Further, any filename mask can be preceded by a tilde character ( '~' ), which specifies that the mask is exclusionary. If a filename matches an exclusionary mask, the file will always be skipped.

 

Wildcard Pattern Examples

 

Here are a few examples of wildcard filename masks:

 

mypicture.bmp - This mask has no wildcard characters, and is therefore a literal match. Only files named "mypicture.bmp" will be included in the duplicate comparison process.
*.bmp - This mask uses the asterisk ('*') character to include any files with a ".bmp" extension in their names.
*.bmp;*gif;*jpg - This is a compound mask, with separate entries separated by semicolons. This mask will match any ".bmp", ".gif", or ".jpg" files it encounters.
~family*;*.bmp - The first element of this compound mask is preceded by a tilde ('~'), which means that it will excluded any files that start with "family". It will then include any files with a ".bmp" extension in their names.

 

The filename masks section of the Search Filtering docking pane also includes a Presets button, which you can click for easy access to a range of built-in masks. These can help you to get started quickly.

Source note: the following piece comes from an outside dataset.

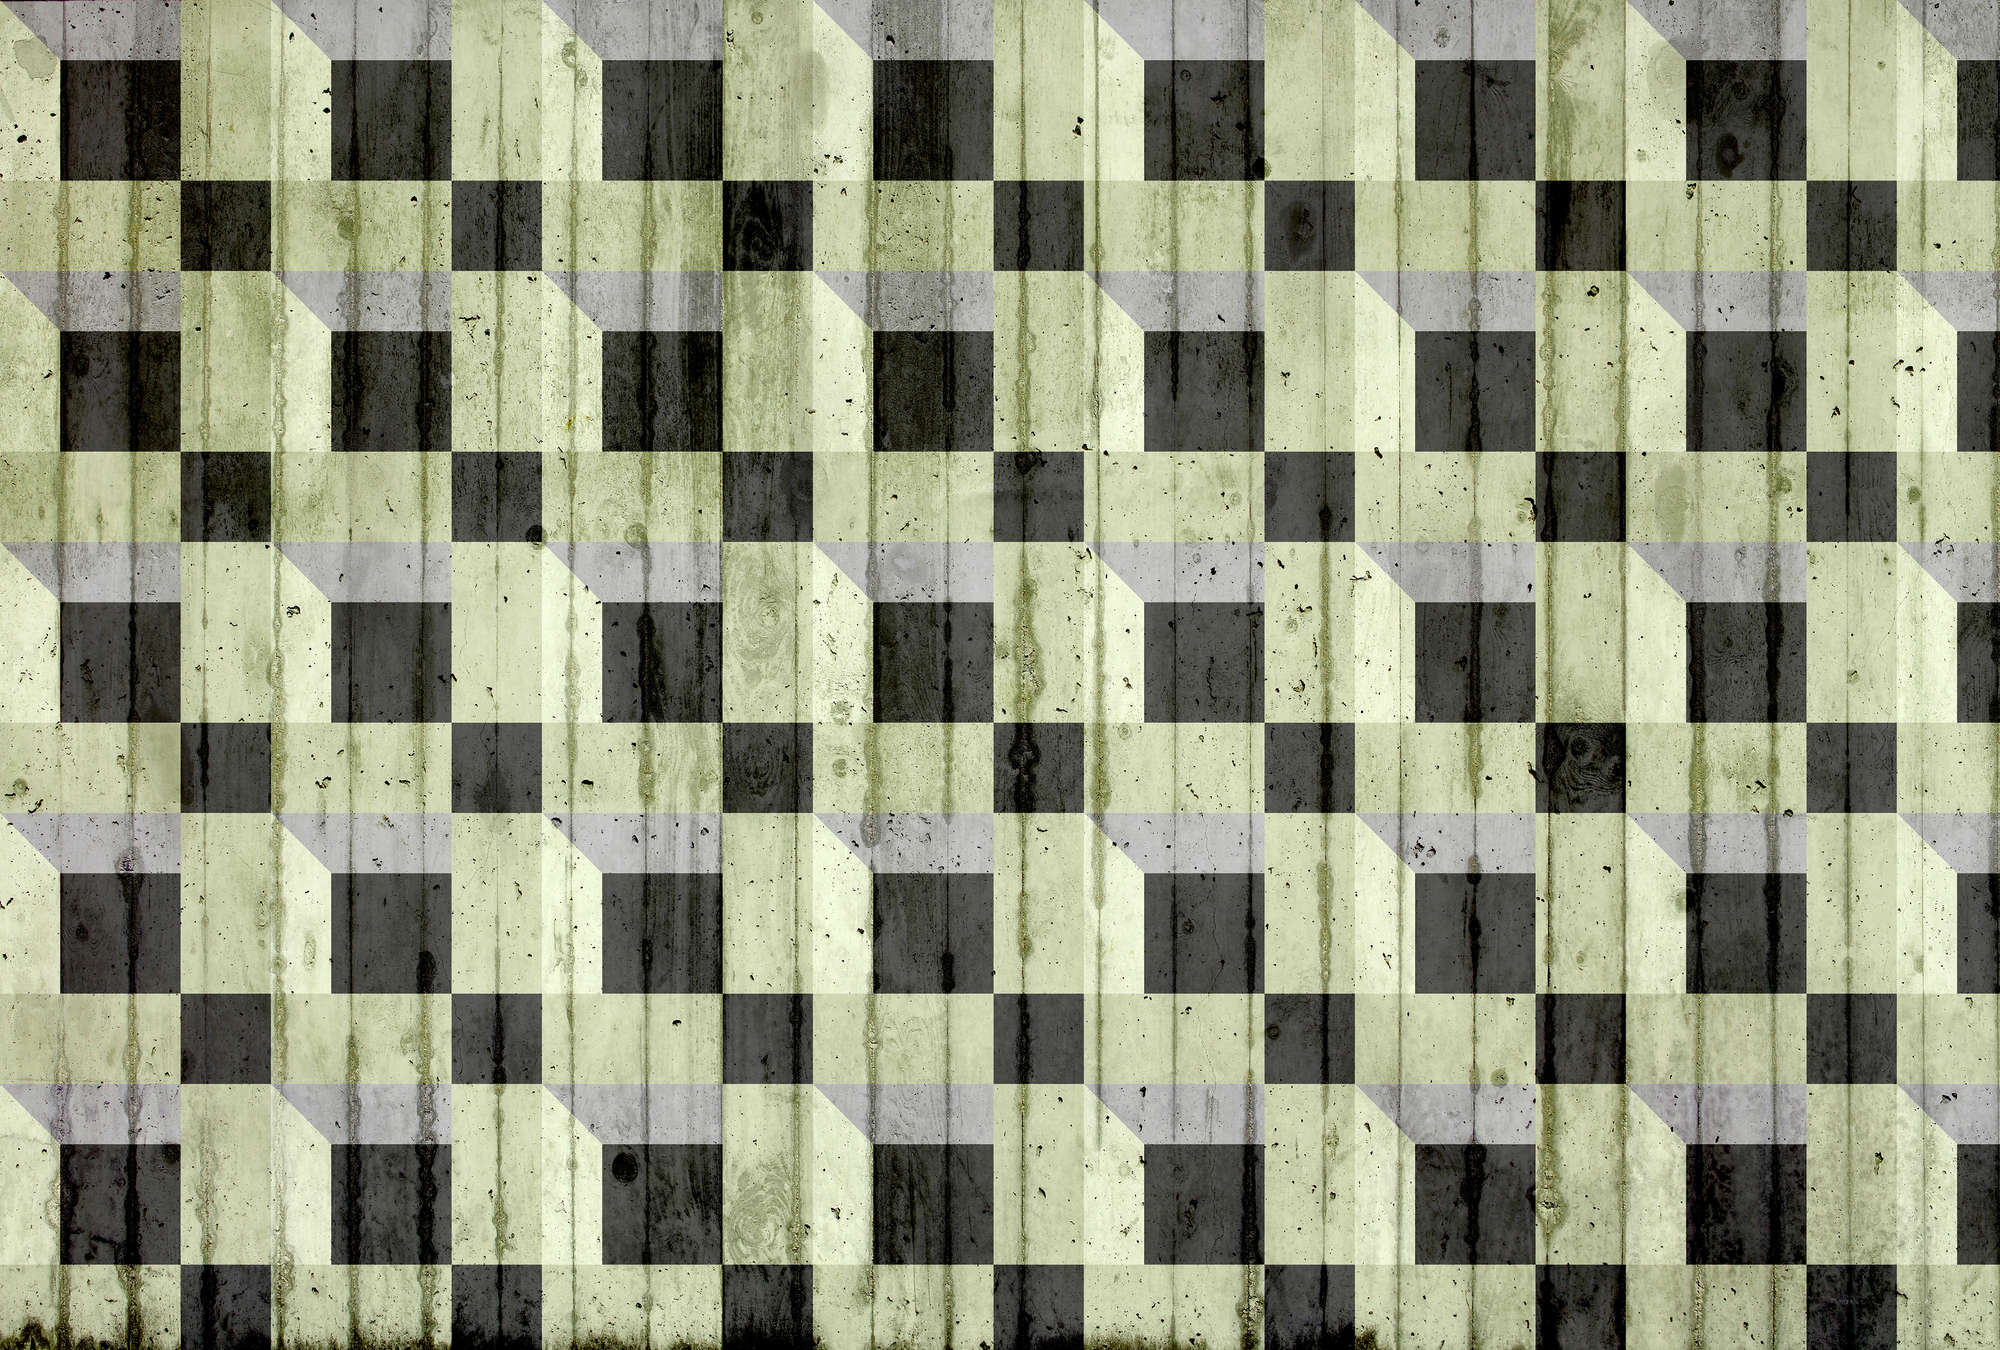             Photo wallpaper concrete look & square pattern - green, black, grey
        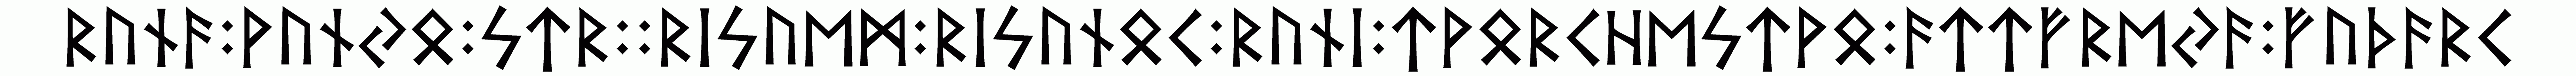 runa+wunjo+str+8+risuem+risunok+runi+tvorchestvo+attfreya+futhark - Напиши имя  РУНА+WUNJO+СТР+8+РИСУЕМ+РИСУНОК+РУНЫ+ТВОРЧЕСТВО+ATTFREYA+FUTHARK рунами  - ᚱᚢᚾᚨ:ᚹᚢᚾᛃᛟ:ᛋᛏᚱ::ᚱᛁᛋᚢᛖᛗ:ᚱᛁᛋᚢᚾᛟᚲ:ᚱᚢᚾᛁ:ᛏᚹᛟᚱᛏᚺᛖᛋᛏᚹᛟ:ᚨᛏᛏᚠᚱᛖᛃᚨ:ᚠᚢᛏᚺᚨᚱᚲ - Значение и характер имени  РУНА+WUNJO+СТР+8+РИСУЕМ+РИСУНОК+РУНЫ+ТВОРЧЕСТВО+ATTFREYA+FUTHARK -

Presets can also be customized to suit your needs.

 

Important Note: When using wildcards in filename masks, keep in mind that a mask of '*.*' is subtly different than just '*'. The former requires that a dot (.) be included in the filename, while the latter does not. In other words, the *.* pattern will not match filenames that don't have an extension - if you wish to match these, use just a single asterisk (*) instead.

 

Regular Expressions

 

As noted above, filename masks can also be defined using powerful regular expression syntax. Regular expressions are formulas that can be used to match strings of text that follow some pattern. They allow their users to succinctly express a set of character matching rules that would otherwise require a large number of switches and logical operations.

 

This help file will not provide an in-depth tutorial on the formation of regular expressions, simply because a large number of such tutorials are freely available on the web  (visit your favorite search engine and enter "regular expressions" into the search box to find them).

 

Please keep in mind, however, that there are subtle differences between the regular expression syntax engines that various applications employ. The charts below provide an overview of the regular expression metacharacters and abbreviations supported by Duplicate File Detective.

 

Metacharacter

Meaning

.

Matches any single character.

[ ]

Indicates a character class. Matches any character inside the brackets (for example, [abc] matches "a", "b", and "c").

^

If this metacharacter occurs at the start of a character class, it negates the character class. A negated character class matches any character except those inside the brackets (for example, [^abc] matches all characters except "a", "b", and "c"). If ^ is at the beginning of the regular expression, it matches the beginning of the input (for example, ^[abc] will only match input that begins with "a", "b", or "c").

-

In a character class, indicates a range of characters (for example, [0-9] matches any of the digits "0" through "9").        

?

Indicates that the preceding expression is optional: it matches once or not at all (for example, [0-9][0-9]? matches "2" and "12").

+

Indicates that the preceding expression matches one or more times (for example, [0-9]+ matches "1", "13", "666", and so on).

*

Indicates that the preceding expression matches zero or more times.

??, +?, *?

Non-greedy versions of ?, +, and *. These match as little as possible, unlike the greedy versions which match as much as possible. Example: given the input "<abc><def>", <.*?> matches "<abc>" while <.*> matches "<abc><def>".

( )

Grouping operator. Example: (\d+,)*\d+ matches a list of numbers separated by commas (such as "1" or "1,23,456").

\

Escape character: interpret the next character literally (for example, [0-9]+ matches one or more digits, but [0-9]\+ matches a digit followed by a plus character). Also used for abbreviations (such as \a for any alphanumeric character; see table below). If \ is followed by a number n, it matches the nth match group (starting from 0). Example: <{.*?}>.*?</\0> matches "<head>Contents</head>".

$

At the end of a regular expression, this character matches the end of the input. Example: [0-9]$ matches a digit at the end of the input.

|

Alternation operator: separates two expressions, exactly one of which matches (for example, T|the matches "The" or "the").

!

Negation operator: the expression following ! does not match the input. Example: a!b matches "a" not followed by "b".

 

Abbreviations

 

\a        Any alphanumeric character: ([a-zA-Z0-9])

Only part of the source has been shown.